Innovative New Courses on Hamilton at Northwestern

“Courses coming on Hamilton, the man and the musical” at Northwestern University

Hilary Hurd Anyaso writes for Northwestern.

EVANSTON – “Hamilton: An American Musical,” smashing through traditional theater boundaries with its must-see contemporary telling of a history lesson about an unlikely founding father, is the subject of two new Northwestern University courses that will begin in winter quarter.

The Northwestern professors who created and will be involved in the teaching of the two courses hope students will not “throw away their shot” to learn about the life and times of Alexander Hamilton and the groundbreaking hip hop-inspired musical.

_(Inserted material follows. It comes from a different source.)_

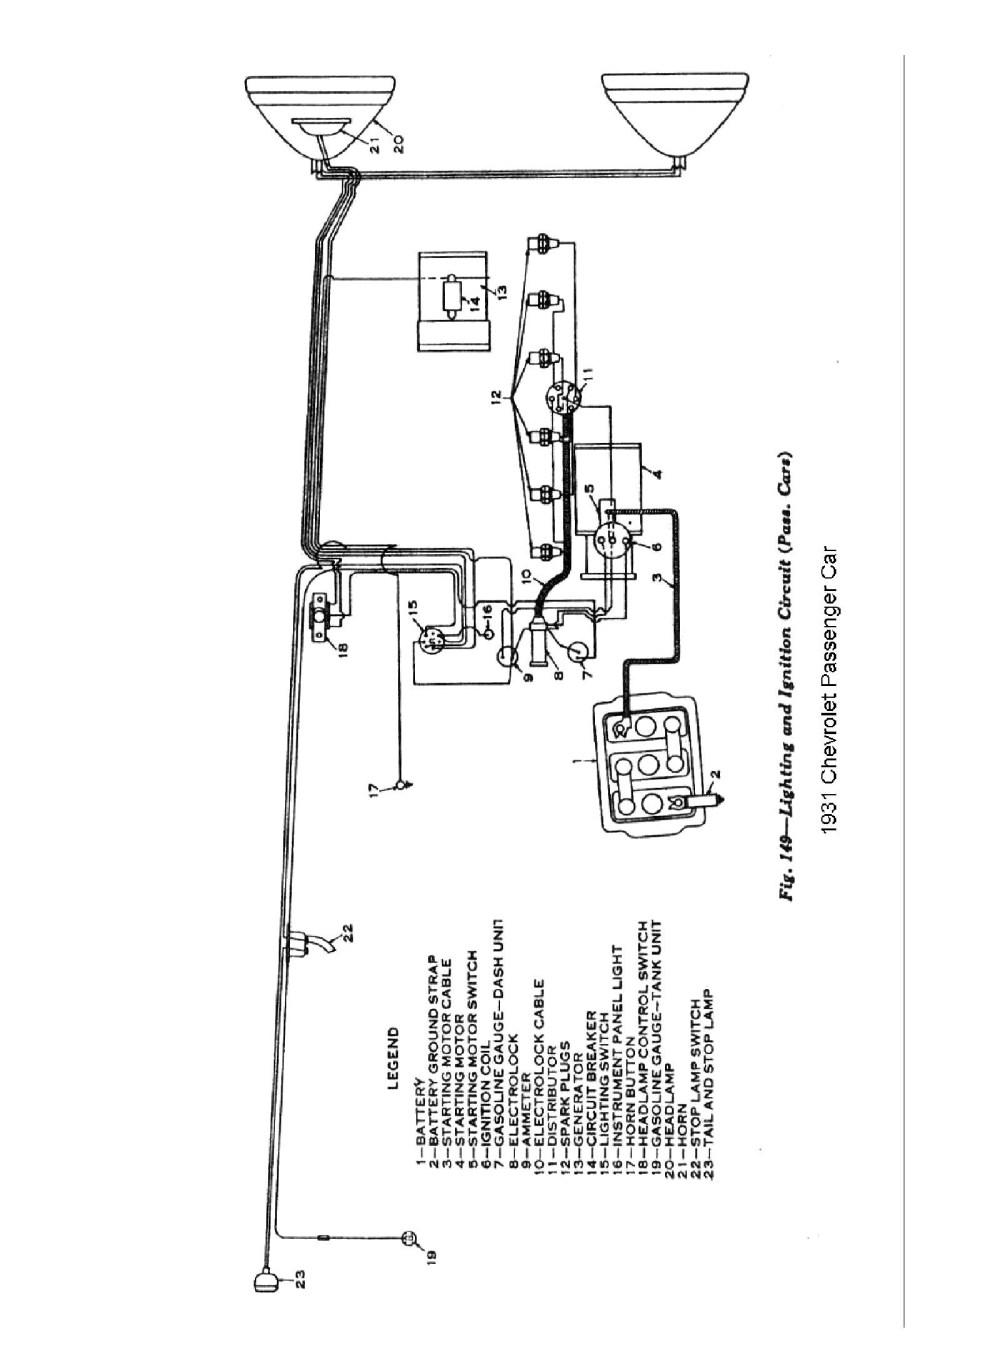 medium resolution of harley fuel gauge wiring diagram download lovely marine fuel sending unit wiring diagram gallery the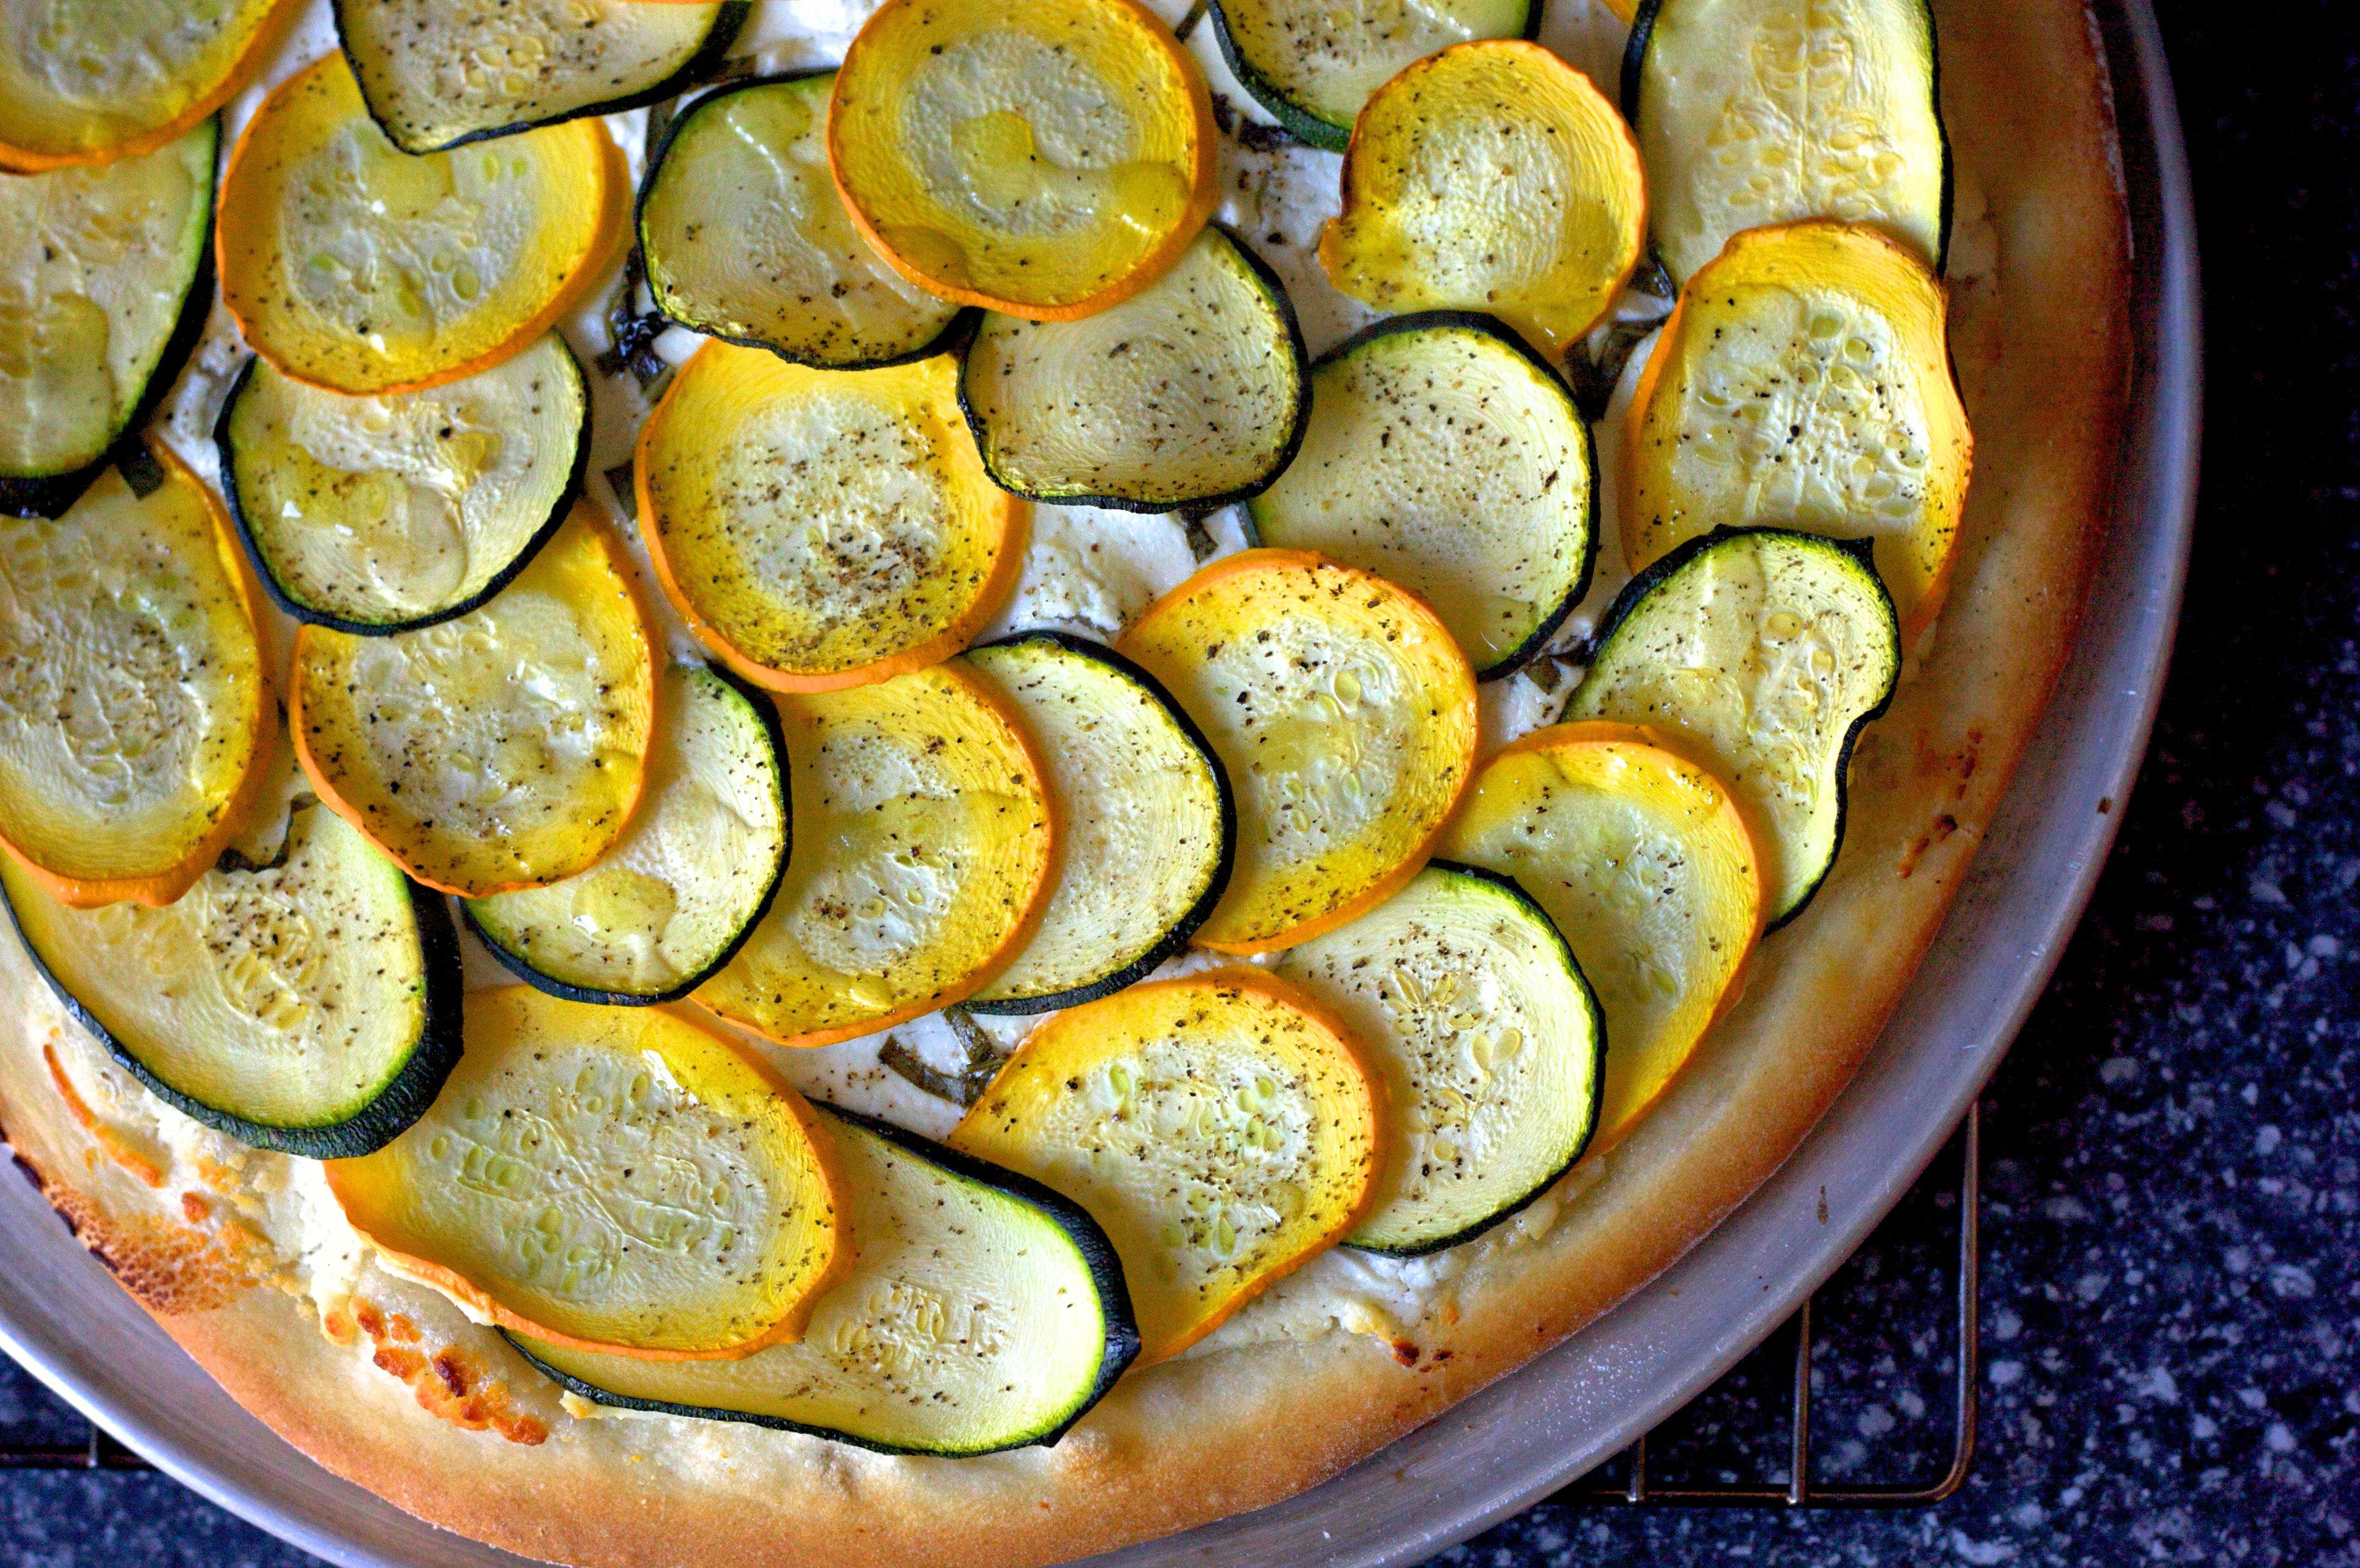 Lemony Zucchini Goat Cheese Pizza Smitten Kitchen

“Hamilton’s America” will be taught by history professors Geraldo Cadava and Caitlin Fitz, who will explore Hamilton the man as well as “Hamilton” the musical, attempting to account for its extraordinary contemporary resonance.

“Why has this past person’s life inspired such interest today, in a nation that looks so different from the one that Hamilton and his enemies knew?” asked Cadava, associate professor of history in the Weinberg College of Arts and Sciences. “But the important point isn’t about Hamilton himself, but about the power of history to shape and reshape the world we live in today.”

“Hamilton: Bullets, Banks, and Broadway,” an interdisciplinary course, will be taught by legal studies professors Laura Beth Nielsen and Joanna Grisinger, with the help of faculty from theatre, African American Studies, communication, political science, School of Education and Social Policy, English and history.

“I want to use this as a moment to showcase some of the extraordinary faculty on the Evanston campus,” said Nielsen, director of the Legal Studies program and professor of sociology in Weinberg.

“Students, for example, who otherwise might not have taken a class from Harvey Young [theatre] or David Figlio [School of Education and Social Policy] or Caitlin Fitz [history], will have the opportunity to see not just how their different disciplines approach the task of decoding ‘Hamilton,’ but also how other professors actually do that in the classroom.”